Salt firing is one ceramic process that was created outside of Japan and carried to their culture in the early 1900s. This method is one that is continuing to be used for experimentation and creativity in the field of ceramics and pottery. Modern potters and ceramists continue to explore many of the old techniques. One should keep in mind that this method is hard on contemporary electric kilns in that the fumes are corrosive and destructive to the kiln interiors. Most craftsmen opt to use gas kilns, specialty or home made kilns when using various salt methods.

The process is quite simple. Salt fumes have a profound effect on clay when subjected to heat. When temperatures in the kiln reach the melting point of salt at about 1660 degrees F, salt is introduced by using the peepholes or quickly lifting the lid and tossing in some common rock salt. When the temperatures reach as high as 2350 degrees F, salt becomes a vapor in the kiln interior giving off a by-product of hydrochloric acid. This produces a semi-vitreous state with a random surface coloration over the ware.
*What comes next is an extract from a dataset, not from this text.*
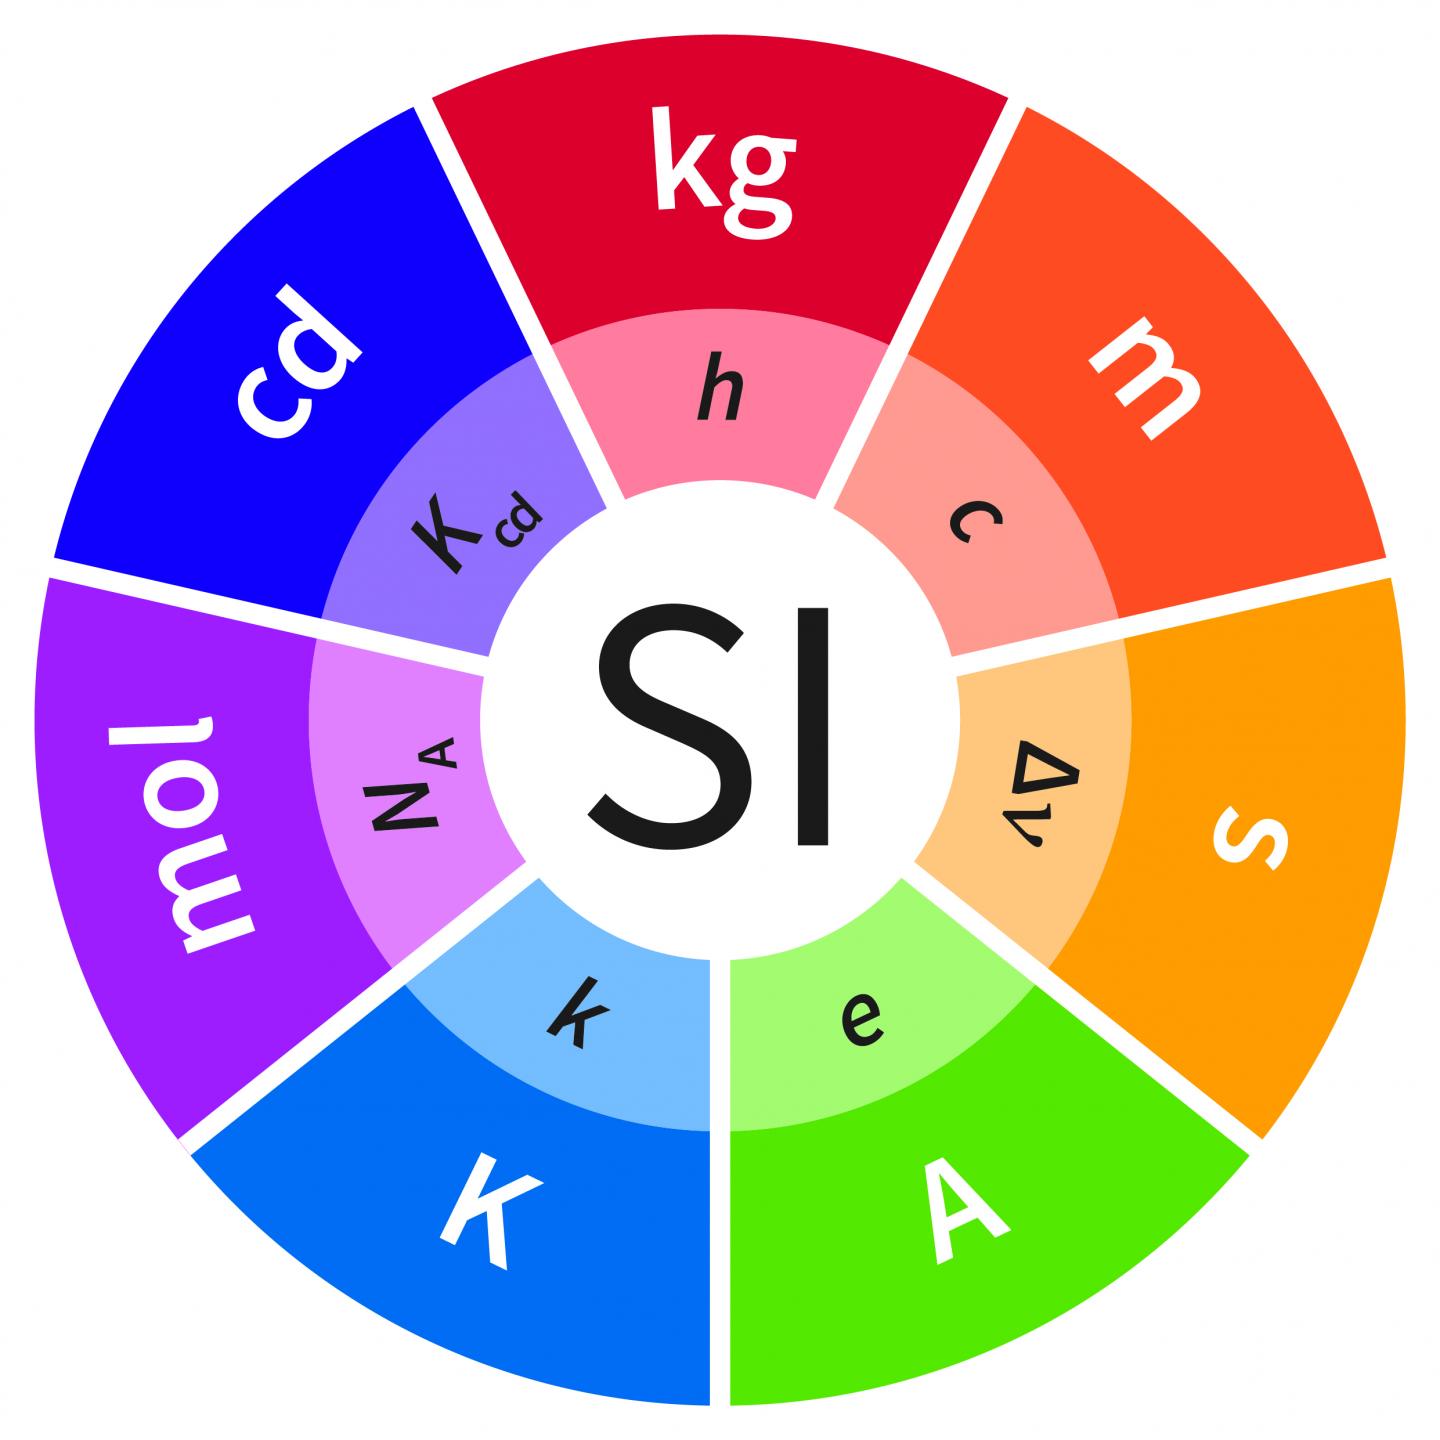 In the new International System of Units (SI), seven fundamental constants will be determined as defining reference entities. The seven base units -- arranged in the outer circle of the diagram -- will lose their prominent role

CAUTION: Salt/fumes can cause corrosion and damage to interior of electric kilns, most specifically the elements.

Salt firing can be done in a one or two firing process. In other words, it can be done with greenware or with bisque ware.

Artists and craftsmen have tried various other methods to create unusual salt ware and pottery. These methods include soaking the bisque ware in a salt brine before firing it or taking ropes or other materials that have been soaked in brine and wrapping the bisque ware with them then firing. Salt, in liquid form, can also be added to colored clay slip or sprinkled on bisque ware in pottery containers called saggars.